Как бы там ни было, мнимые или действительные финализм, фатализм и консерватизм телеологии все же являются второстепенными моментами, дискредитирующими ее в глазах сциентизма. Более существенным будет то обстоятельство, что в науке Нового времени утвердился и доказал эффективность познавательный принцип, противный телеологии, – речь идет о причинно-следственном объяснении.

Категории причинности посвящен массивный корпус литературы – настолько значительный, что претендует либо на детальный разбор, либо допускает одно лишь упоминание – как тема, являющаяся общим местом. В контексте настоящей темы причинно-следственное объяснение допустимо назвать если не «телеологией наоборот», то реверсивным / обратным целеполаганием – допустимо в той мере, в какой использование причинно-следственного объяснения не приближает к решению проблемы понимания феноменов культуры. Очарованность возможностями причинно-следственного объяснения, воплотившаяся в классическом детерминизме, столкнулась со свободой, невозможной для него. Разбор мнений о том, какова может быть причинность и как возможно примирить ее со свободой, грозит стать самостоятельным и самоценным, поэтому ограничился здесь упоминанием современной концепции «свободной причинности», которая является попыткой включить в жесткие причинно-следственные связи нечто, привносящее смысл, но ориентированное совершенно противоположно, – цель.

Коротко говоря, В.Э. Терехович предлагает вместо действующей и целевой причинности, выделенных еще Аристотелем 1, рассматривать «причинность вероятностную, а вместо детерминизма и телеологии интерференцию возможных движений» [Терехович 2012, 57]. Для нас важно, что целевая причинность, изгнанная из науки и философии сциентизмом, вновь признается достойной внимания – и цитируемым автором, и многими другими. Так, В.С. Степин утверждает, что понятие целевой причинности необходимо для понимания саморазвивающихся систем, для которых не хватает ни вероятностной причинности, ни тем более детерминизма 2.

Не станем утверждать ничего насчет того, какой эвристический потенциал имеет понятие целевой причинности в естествознании и как он может быть реализован. В феноменах природы мы можем лишь усмотреть то, что И. Кант называл целесообразностью без цели, причины которой мы не можем в некоей воле [Кант 1994, 58], да и сама она («цель природы») лежит полностью за пределами способности суждения самой по себе [Кант 1994, 366]. В связи с этим принцип эко- номии мышления допускает лишь признание возможности такой целесообразности, не более того. Напротив, относительно феноменов мира культуры (шире – реальности сознания) уместно не только допустить возможность их целесообразности, но и предпринять попытку определить, какой она может быть. Иначе говоря, в отношении «физики» этот труд едва ли принесет плоды, тогда как для «лирики» он обещает быть весьма полезным.

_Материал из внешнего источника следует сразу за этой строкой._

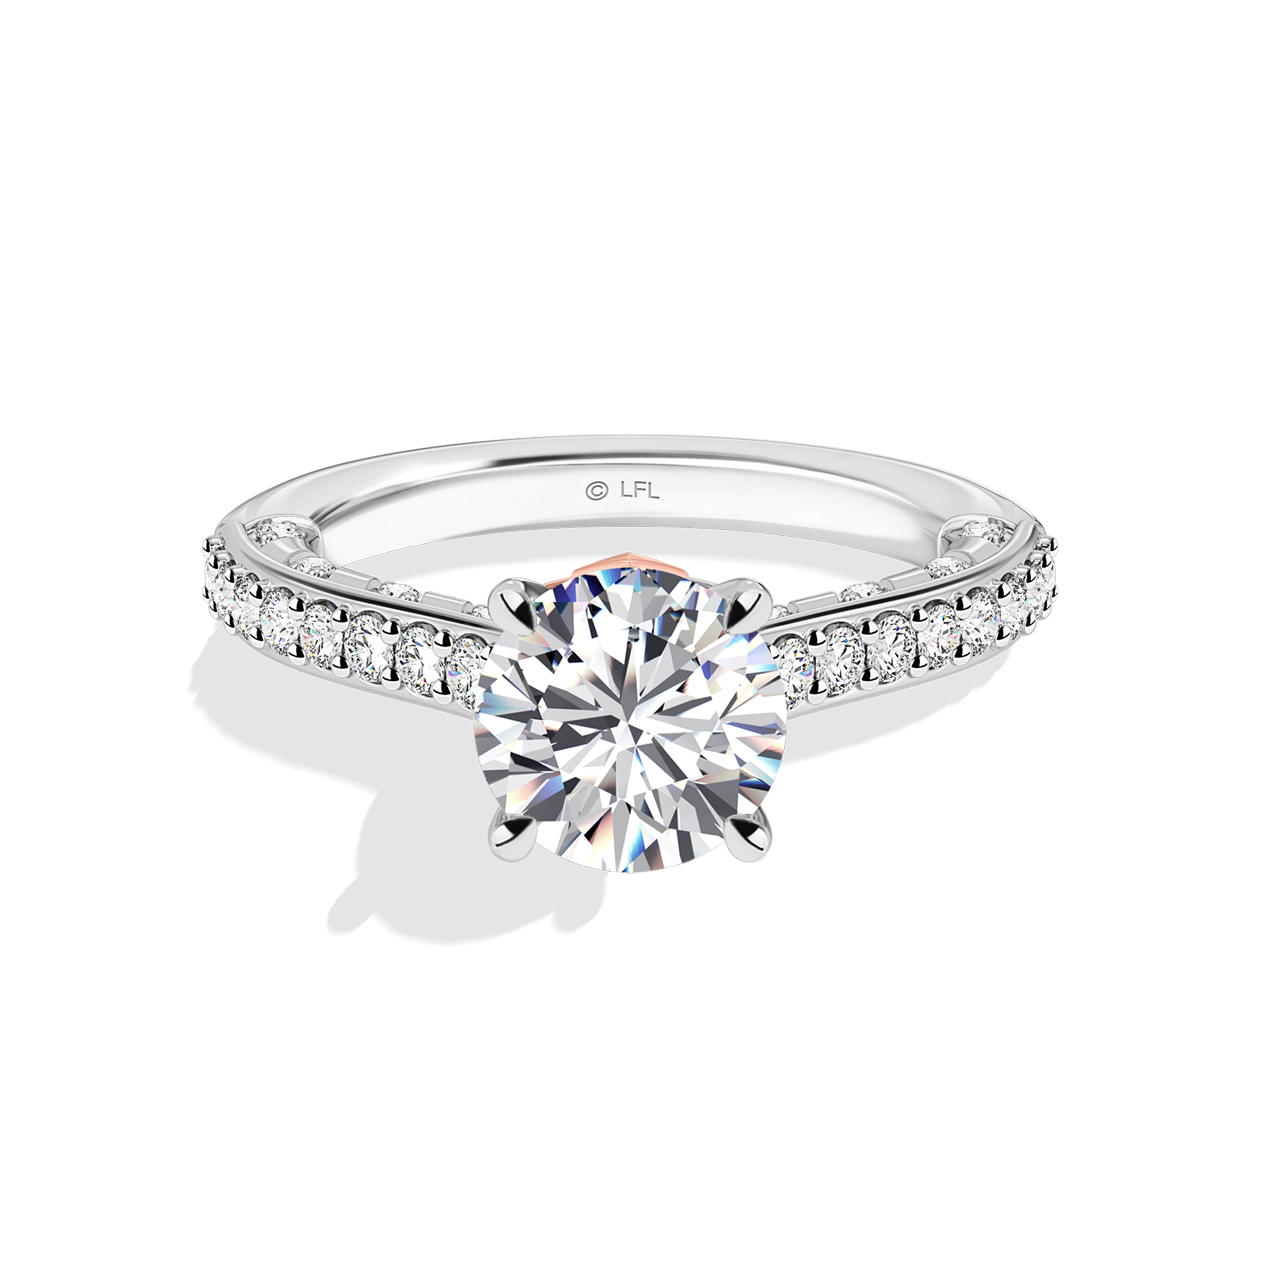 WHITE GOLD PEAR SHAPE DIAMOND ENGAGEMENT RING - Nelson's Jewelers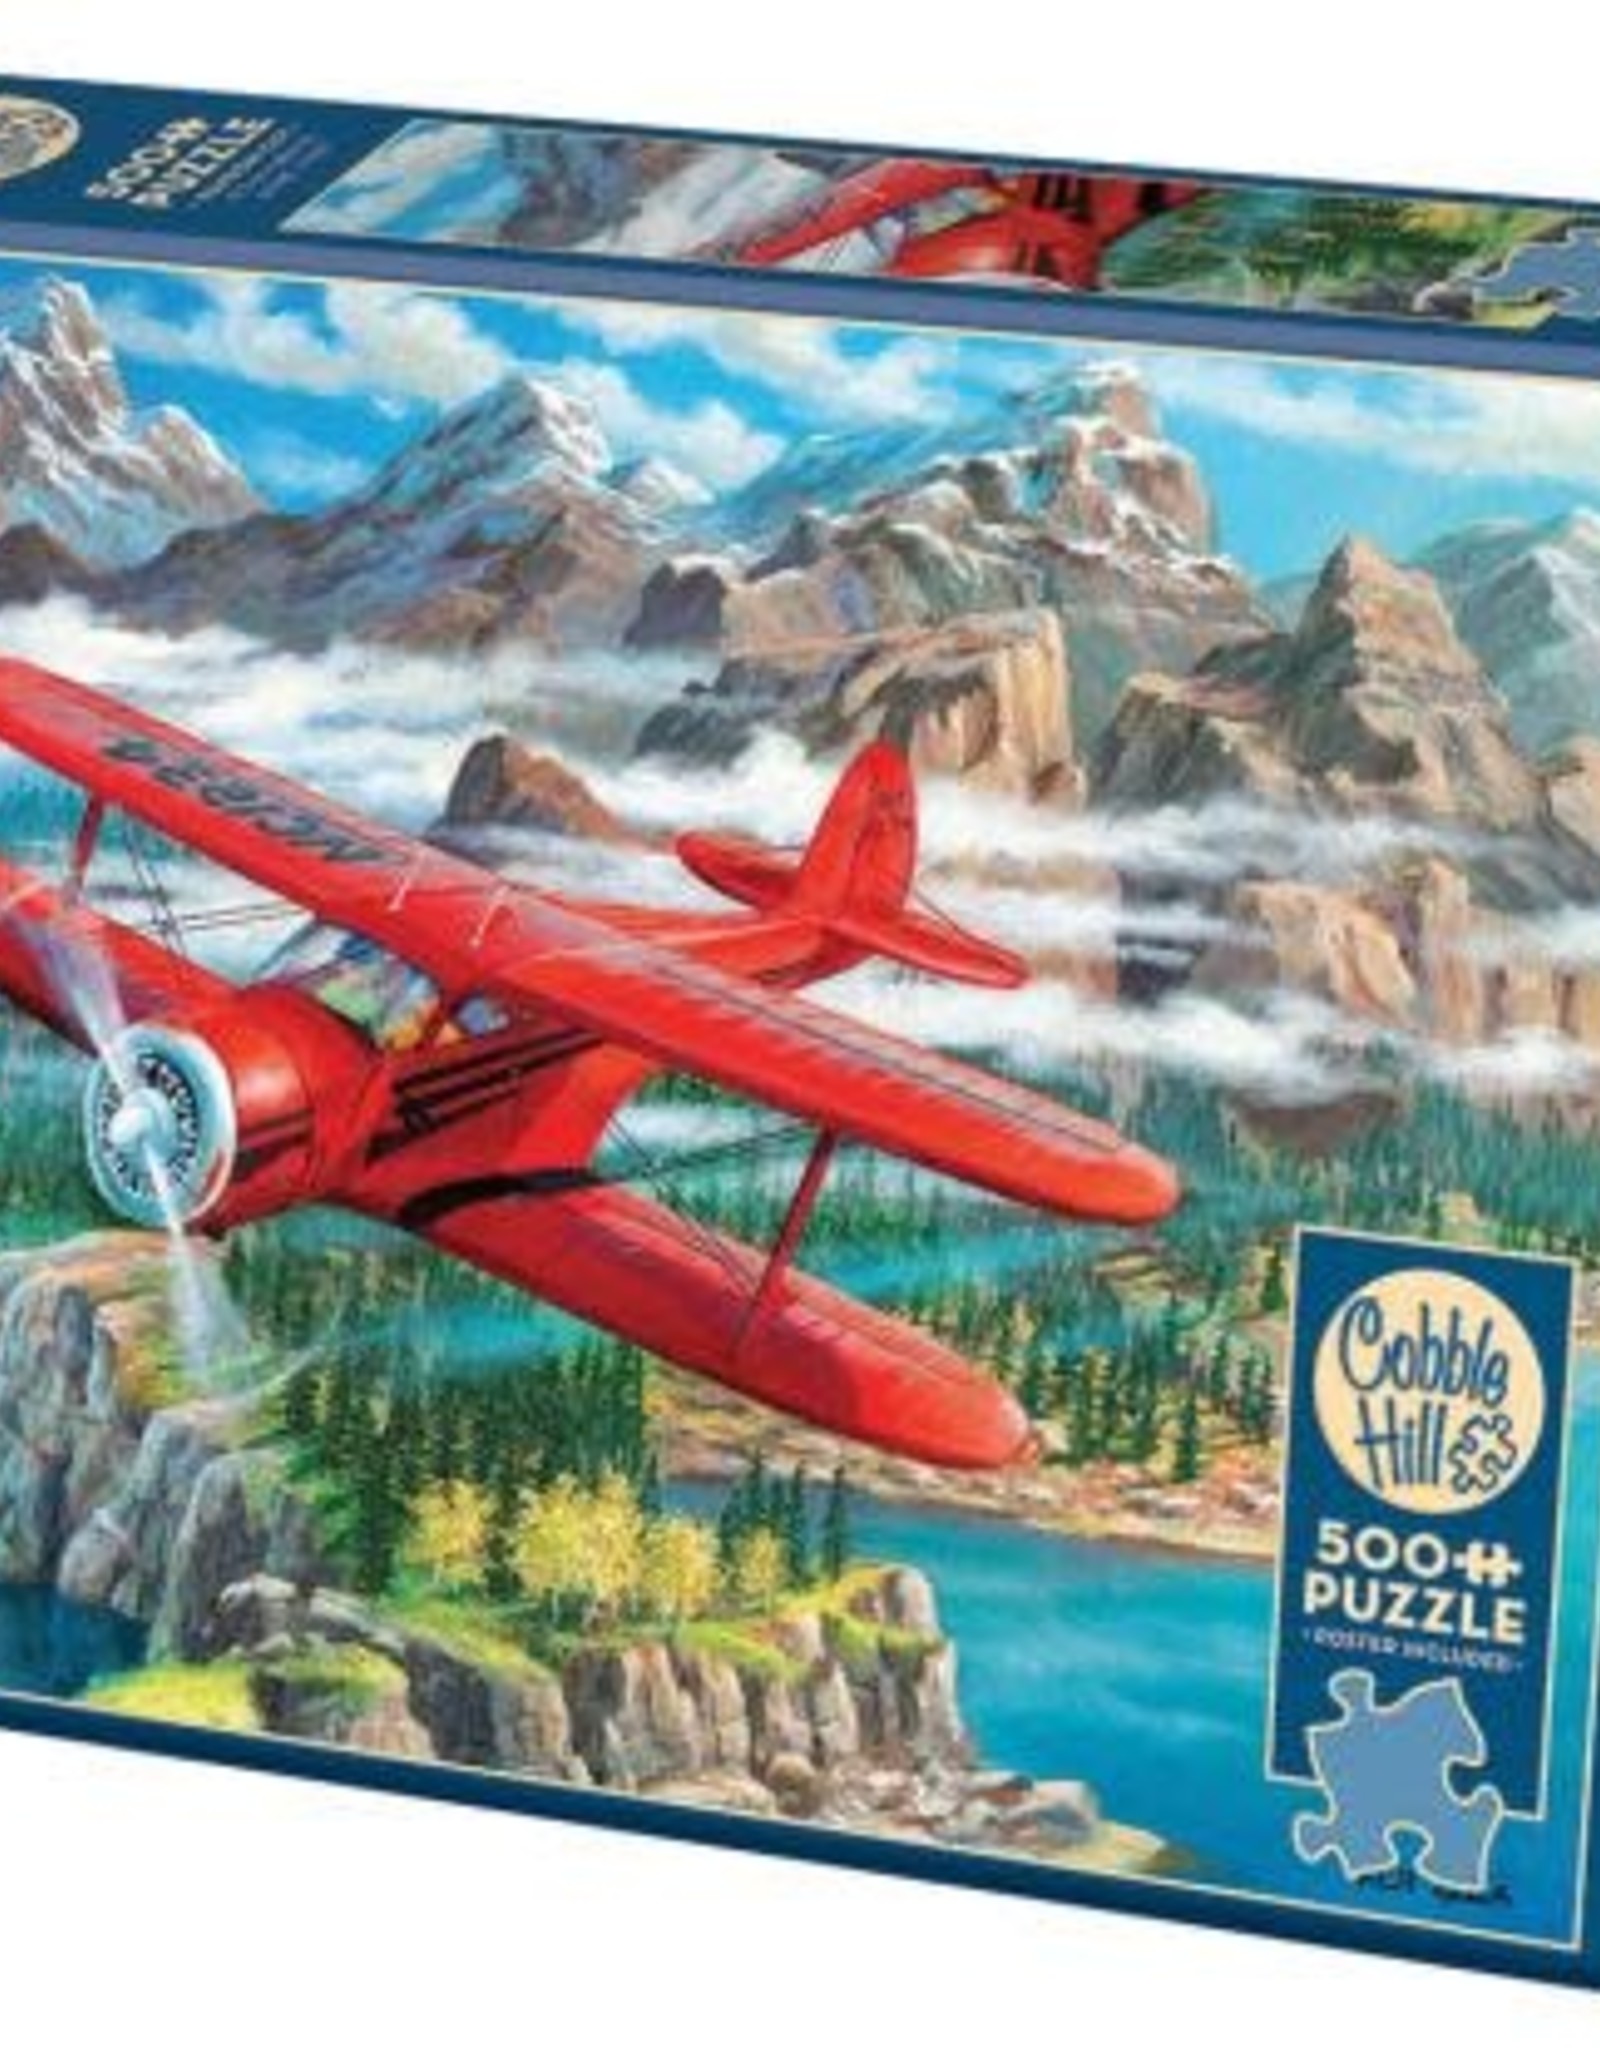 Cobble Hill Puzzles OM85102  Beechcraft Staggerwing 500pc Cobble Hill Puzzle

В пользу небесплодности рассуждений о возможности поиска тотальных целей в бытии говорит то, что в мире сознания эти цели не только возможны, но и существуют в полной непреложности. Конечно, «мир идей» и «мир вещей» (или мир внеположенных сознанию явлений) не тождественны, но первый оказывает влияние на второй – и если характер этого влияния (и даже самой его возможности) является одной из основных философских проблем, то одна вещь соприсутствует в равной степени в обоих мирах, будучи и реальностью сознания, и одним из измерений внеположенного сознанию мира. В нем же существует и категория цели, всегда оставаясь возможностью. Речь идет о времени.

В современной картине мира понимание времени сохранило в себе некоторые рудиментарные черты исторически более ранних типов мировоззрения – начиная с обыденного идиллического представления о добротных былых временах и худородной современности, легко объяснимого психологически 4, заканчивая фундаментальным тезисом о том, что время нашей Вселенной имеет точку отсчета. Начальное время – это момент старта космогонии, как ее понимает современная наука, и пора сакральных событий любой развитой религии. Если идея того, что время имеет начало, нашла себе место в научной картине мира, то идея его целенаправленности не покинула пределов мира культуры.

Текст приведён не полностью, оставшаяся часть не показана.